■ What you should do ■
All pictures are to be dropped, and everything else in the data duplicated exactly.

■ Information shown ■

☆ ☆ ☆ ☆ ☆ ☆ ☆

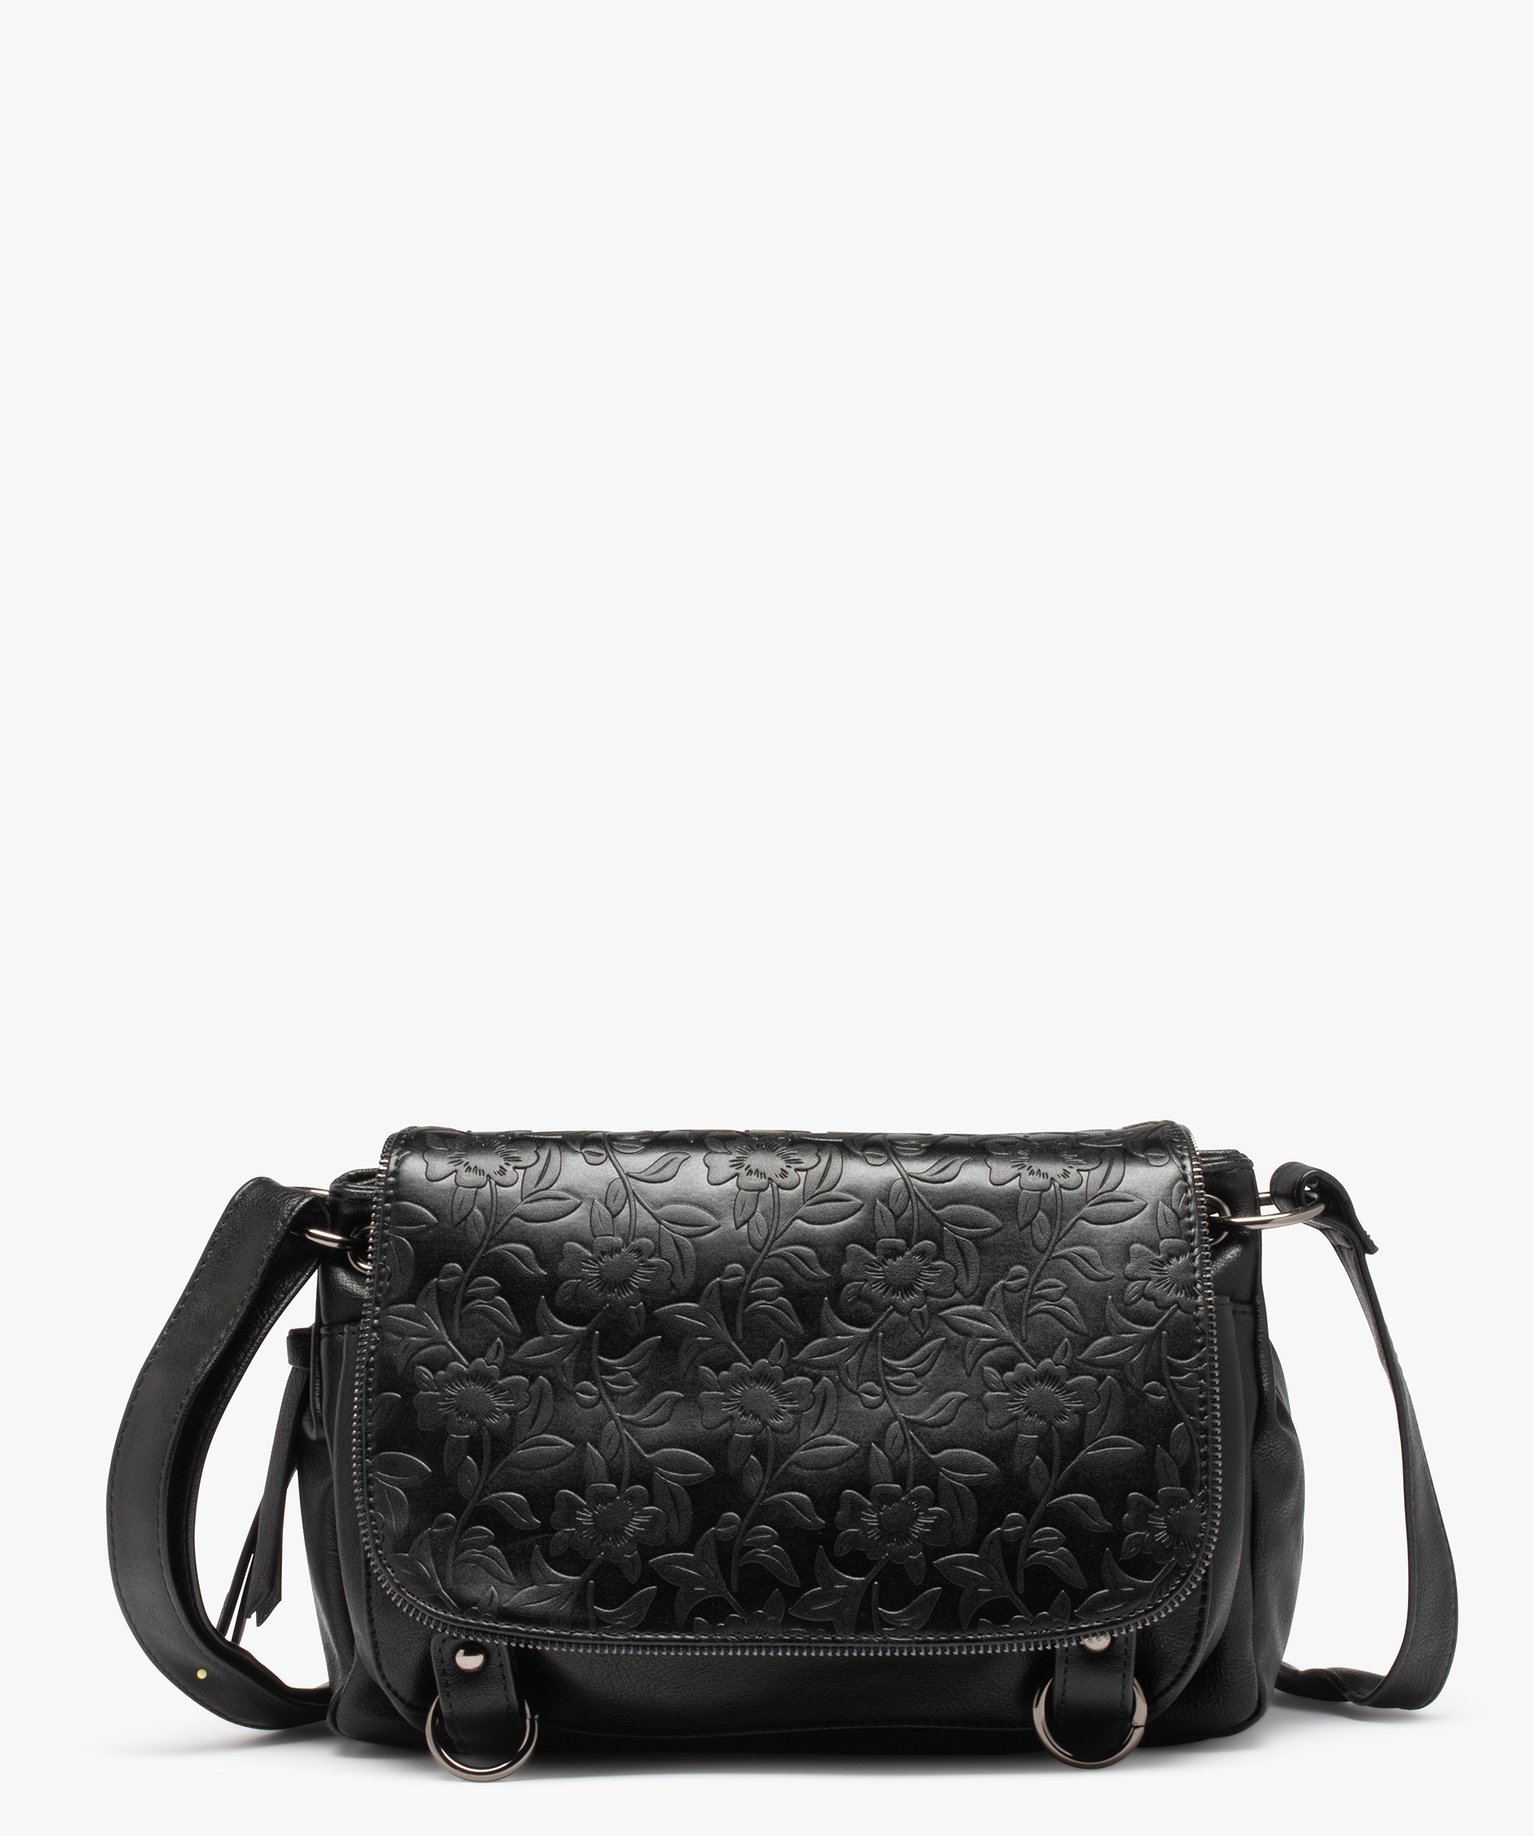 sac femme forme besace avec details zippes et fleurs en relief noir sacs bandouliere
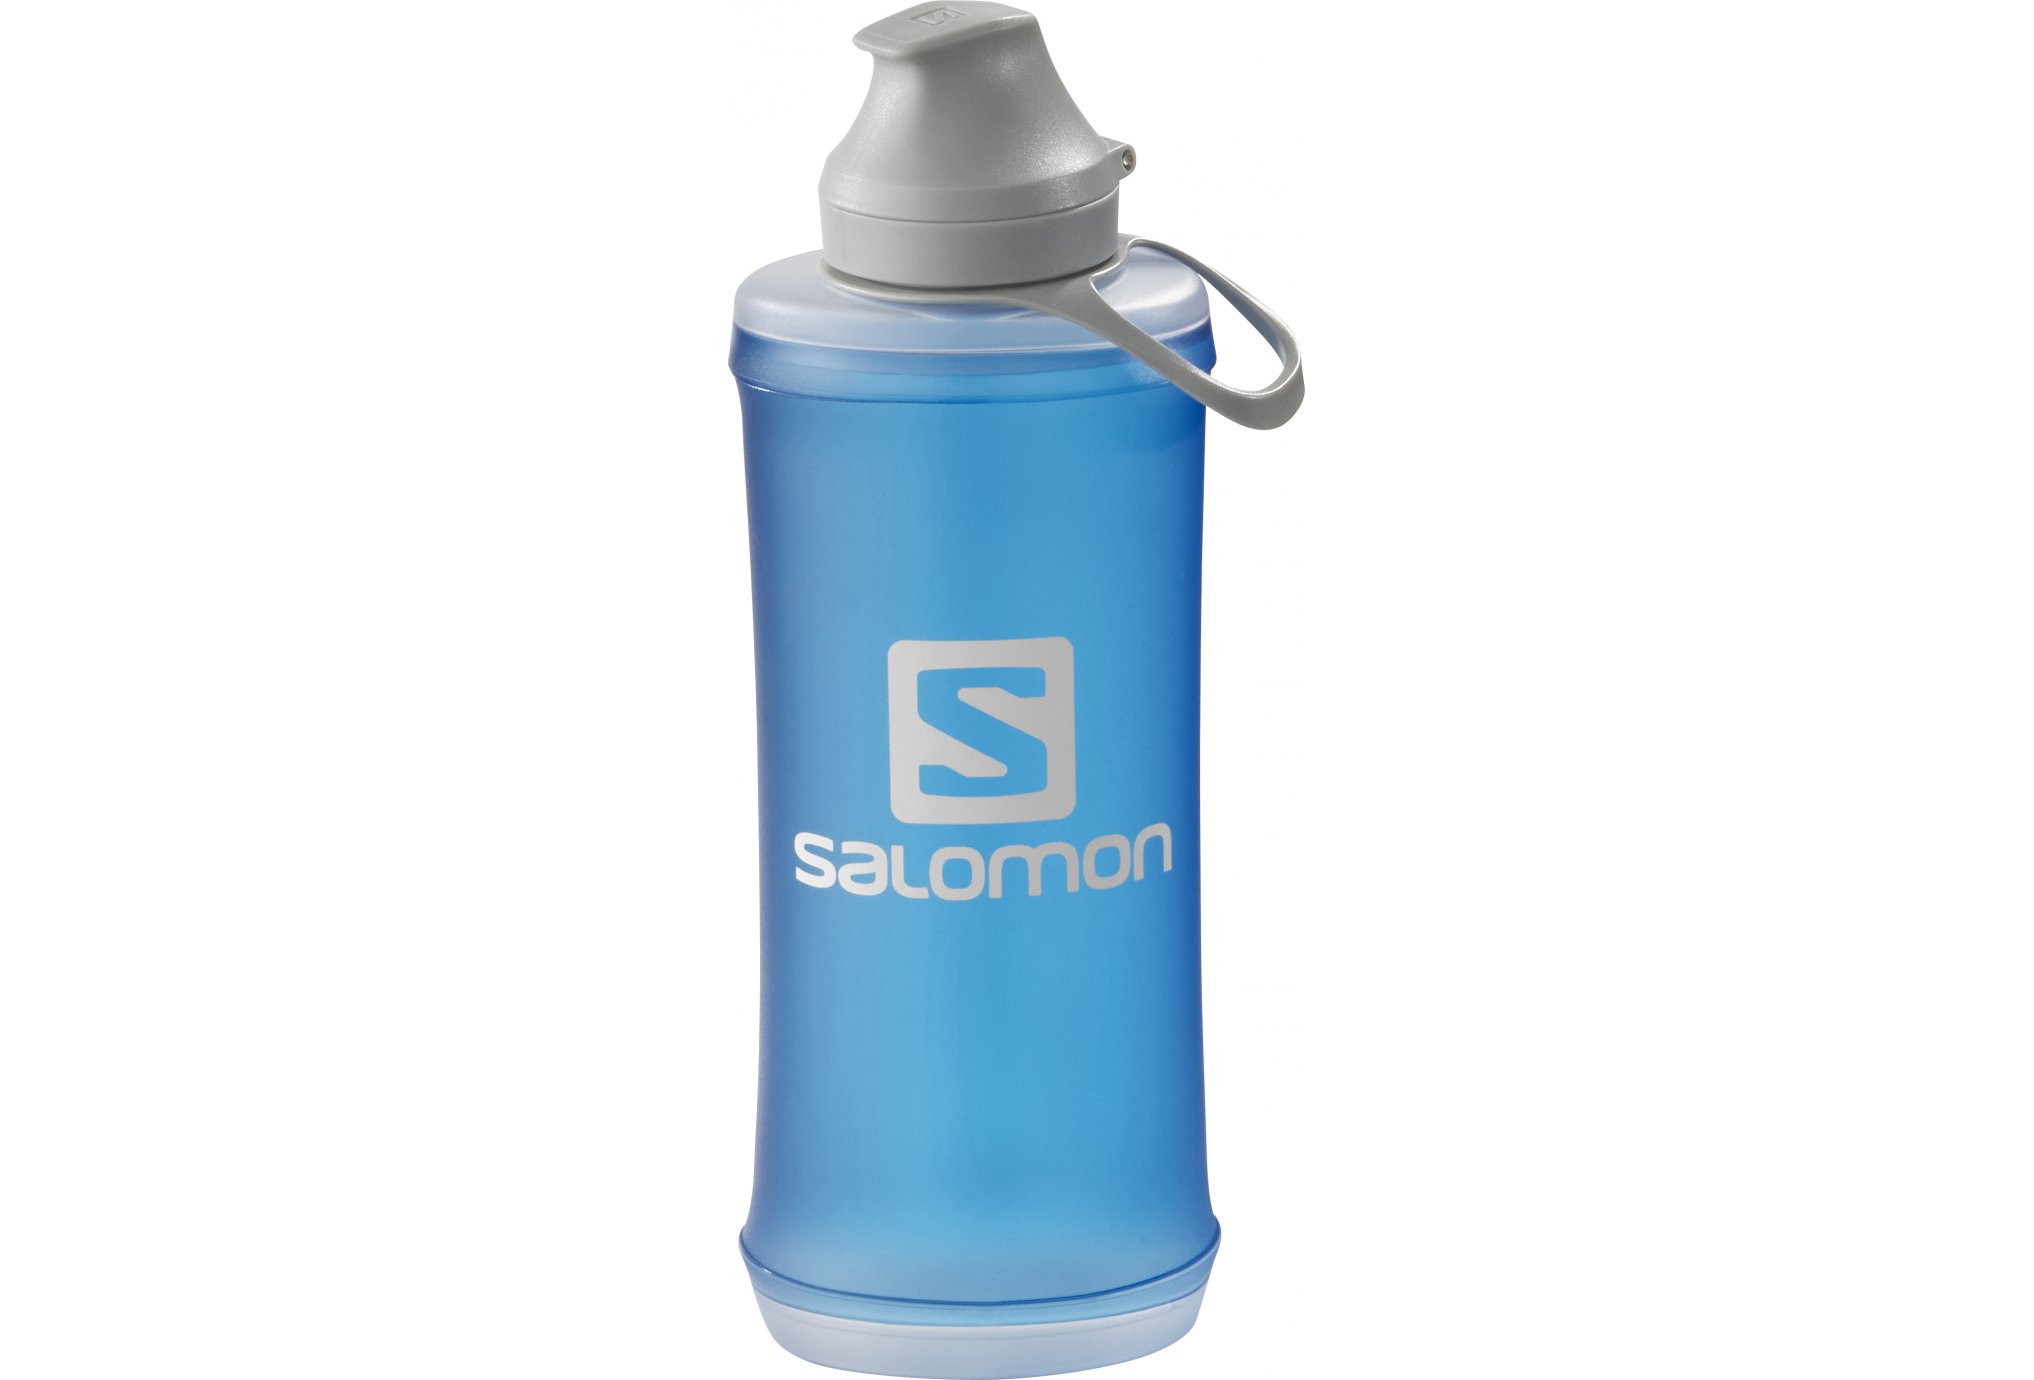 Salomon Outlife 550 mL Sac hydratation / Gourde
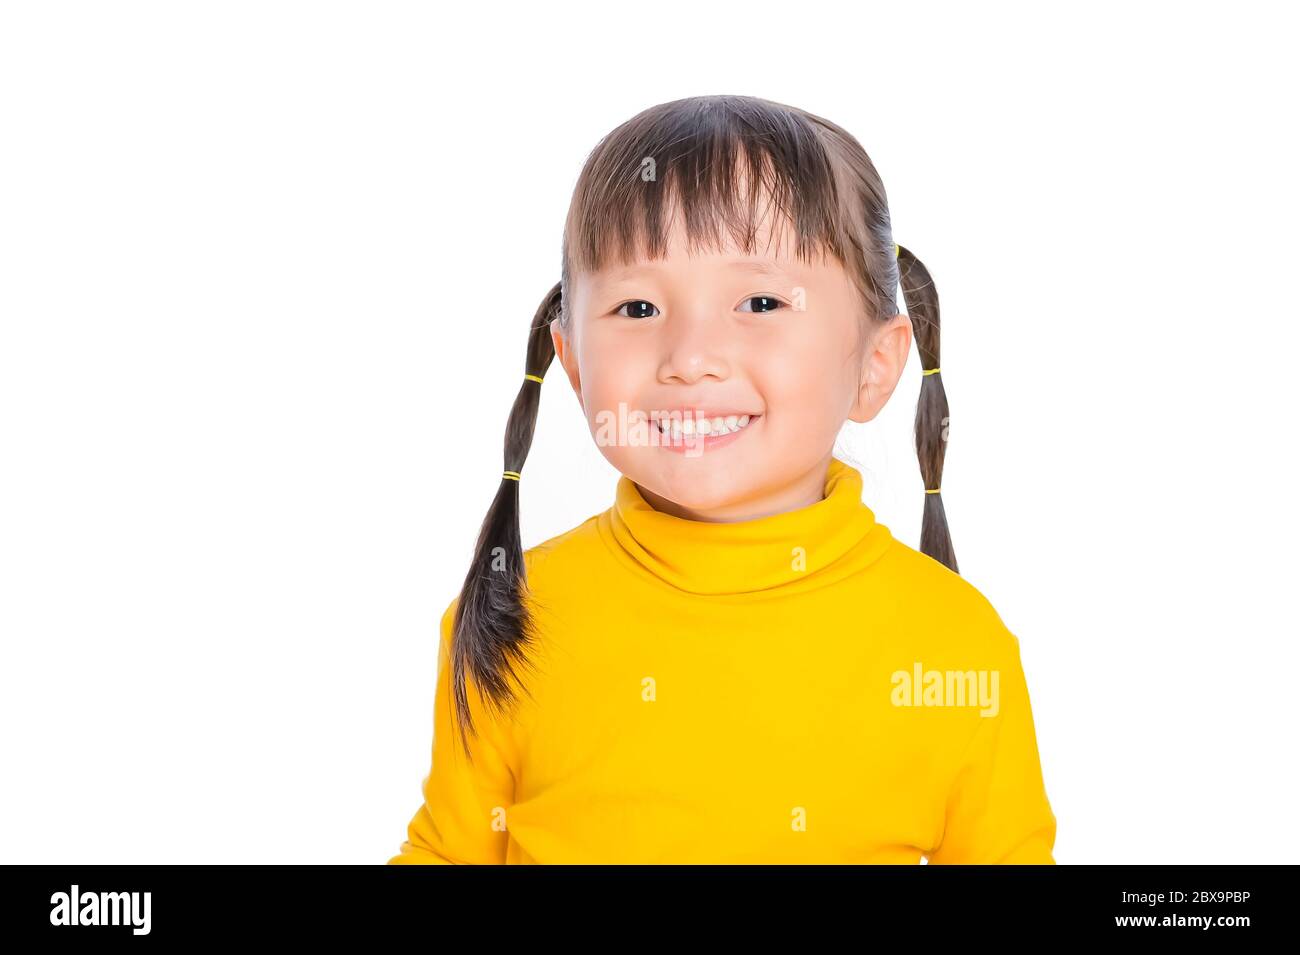 Asiatische lächelnd kleines Mädchen Freude positive Emotionen und glückliche Kindheit Konzept auf weißem Hintergrund Stockfoto

☆ ☆ ☆ ☆ ☆ ☆ ☆

■ Your solution ■
 sac femme forme besace avec details zippes et fleurs en relief noir sacs bandouliere
 Salomon Outlife 550 mL Sac hydratation / Gourde
 Asiatische lächelnd kleines Mädchen Freude positive Emotionen und glückliche Kindheit Konzept auf weißem Hintergrund Stockfoto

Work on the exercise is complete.